|Description :||Soutenance de thèse : Universal Decoder for Low Density Parity Check, Turbo and Convolutional Codes
Many wireless communication systems have adopted turbo codes and convolutional codes as the forward error correcting codes (FEC) scheme for data and overhead channels. However, some releases propose LDPC codes for error correction due to the relative complexity of turbo codes decoder implementations and the success of some irregular LDPC codes in achieving the same performance as turbo codes, in some cases surpassing it with low decoding complexity. It is also noteworthy that the new standard releases of these systems will work side by side in actual devices with older ones which are based on turbo and convolutional codes.
Indeed, these two families of codes are both very good in BER performance. Therefore, it seems a good idea to try to relate them so as to enhance technology transfer and hybridization between the two methodologies. Thus, efficient design of universal convolutional, turbo, and LDPC codes decoders is critical for future wireless system implementations.
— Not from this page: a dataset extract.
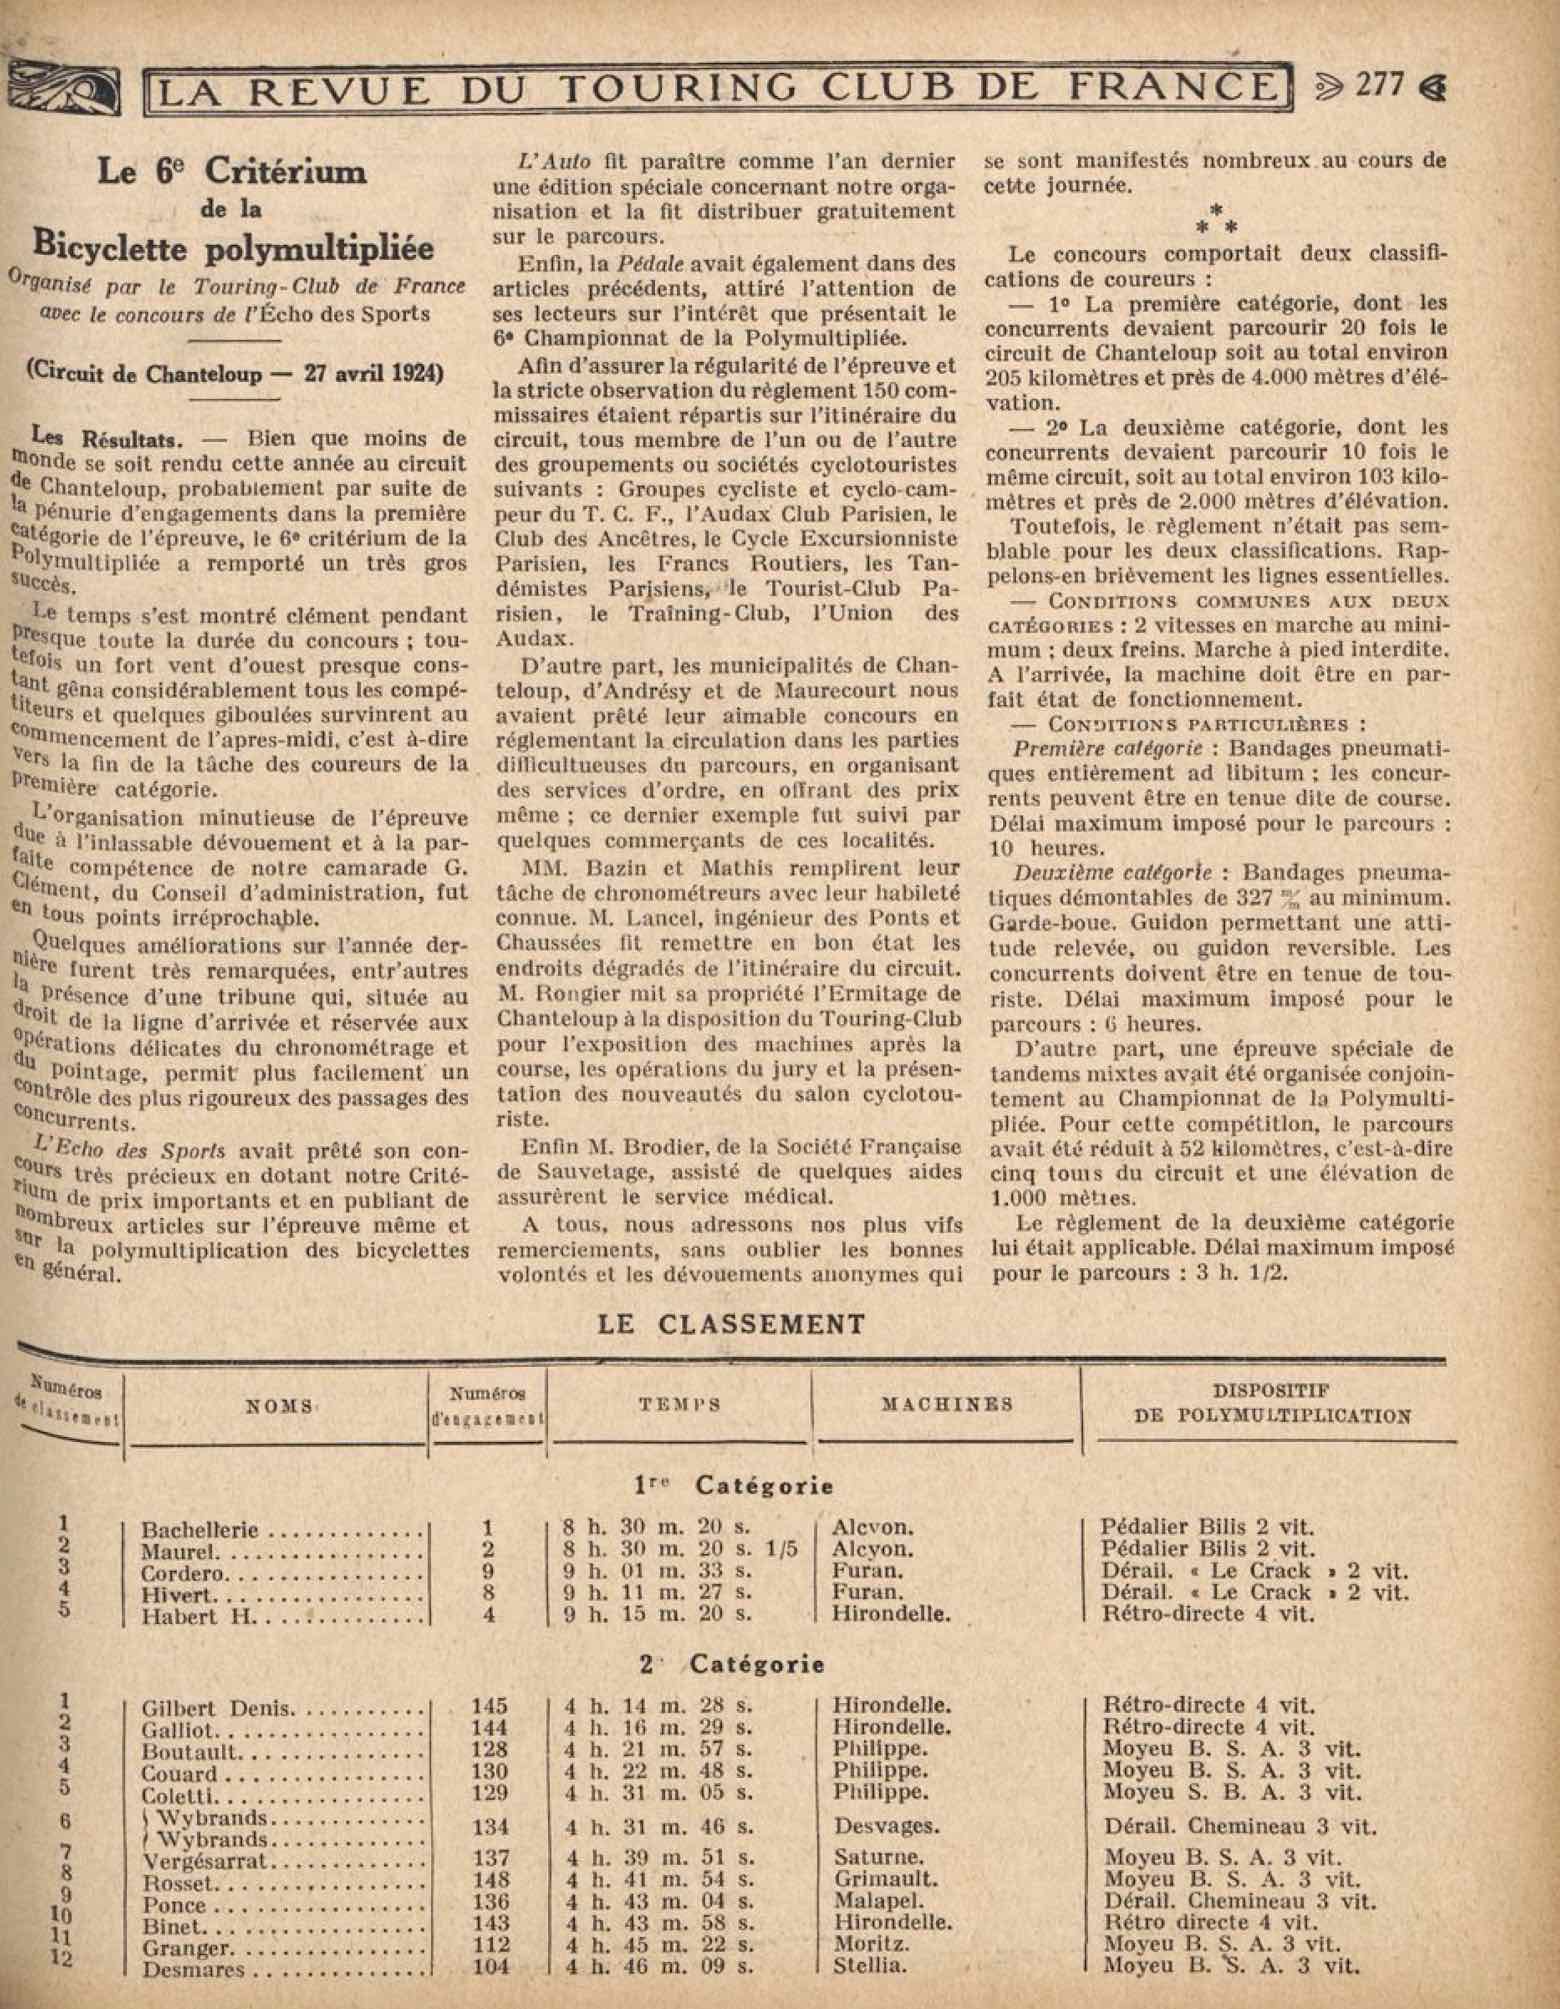 T.C.F. Revue Mensuelle June 1924 - Le 6e Criterium de la Bicyclette polymultipliee scan 1 main image

In addition, an efficient decoder for turbo and convolutional codes is mandatory for the implementation of these wireless systems.
This could be accomplished by developing a unified decoding algorithm for convolutional, turbo and LDPC codes through simulations and analytical studies followed by an implementation phase. To introduce this universal decoder, there are two approaches, either based on the maximum a posteriori (MAP) algorithm or the Belief Propagation (BP) algorithm.
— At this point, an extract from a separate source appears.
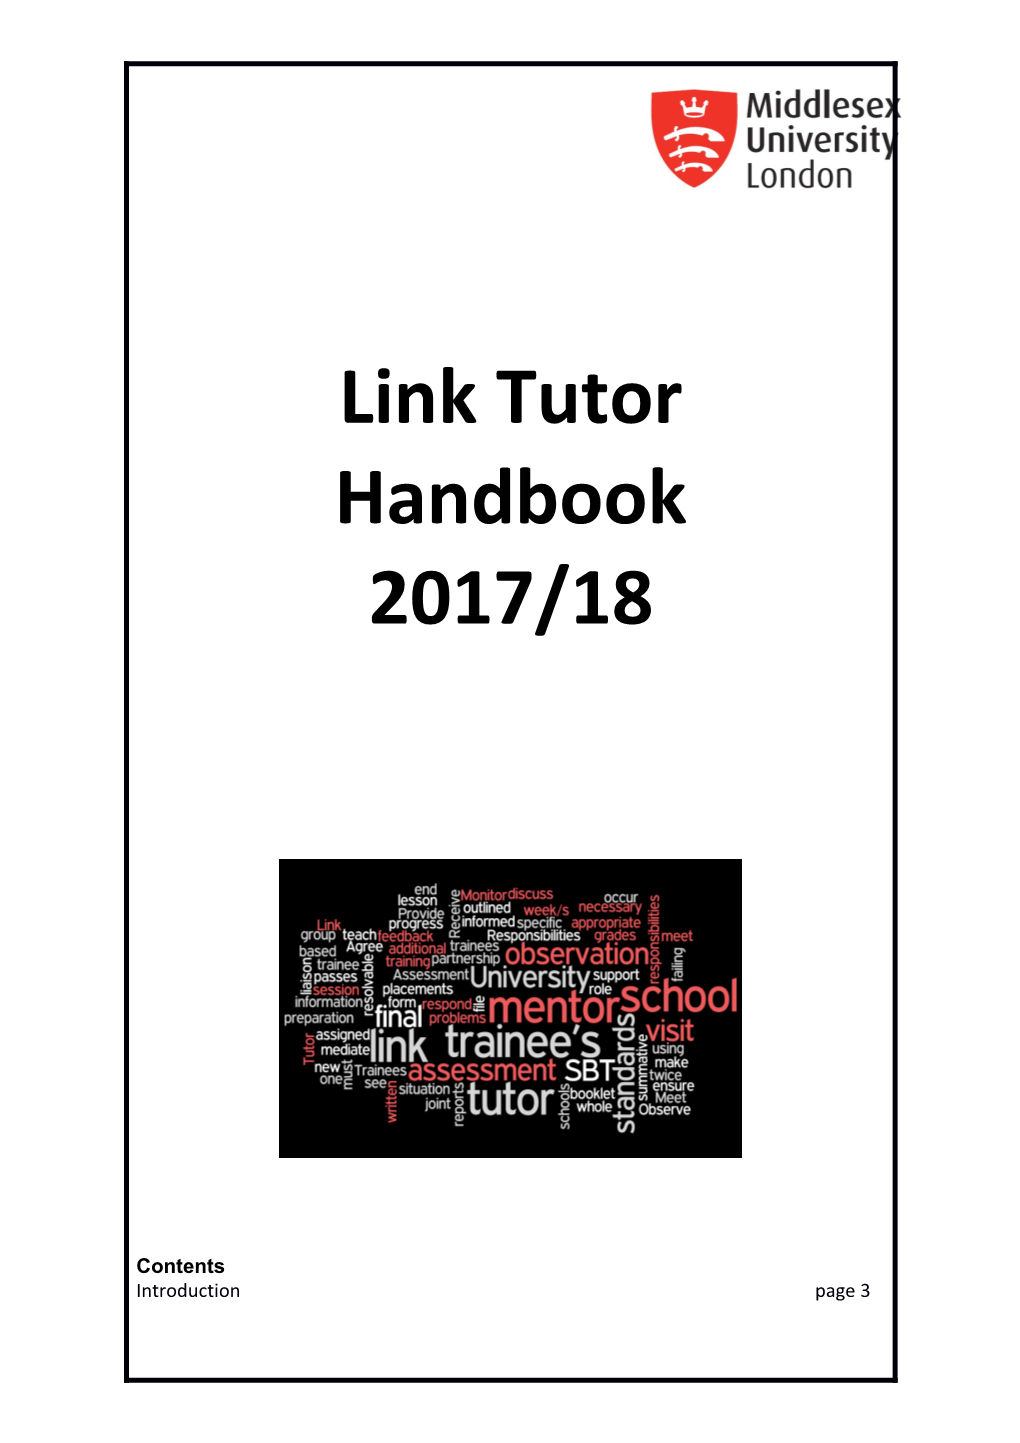 Link Tutor Handbook 2017/18

Herein, we investigate a new approach to decode convolutional and turbo codes by means of the belief propagation (BP) decoder used for low-density paritycheck
(LDPC) codes. In addition, we introduce a general representation scheme for convolutional codes through parity-check matrices. Also, the parity-check matrices of turbo codes are derived by treating turbo codes as parallel concatenated convolutional codes. Indeed, the BP algorithm provides a highly effective general methodology for devising low complexity iterative decoding algorithms for all convolutional code classes as well as turbo codes. While a small performance loss is observed when decoding turbo codes with BP instead of MAP, this is offset by the lower complexity of the BP algorithm and the inherent advantage of a unified decoding architecture. Furthermore, the present work exploits the parity-check matrix representation of tail-biting convolutional and turbo codes, thus enabling decoding via a unified belief propagation (BP) algorithm for new wireless communications systems such asWorldwide Interoperability for Microwave Access (WiMAX) and Long Term Evolution (LTE). Eventually, to predict the convergence threshold of turbo codes, we applied the extrinsic information transfer (EXIT) chart method to the corresponding decoder by treating it as a concatenation of variable and check nodes."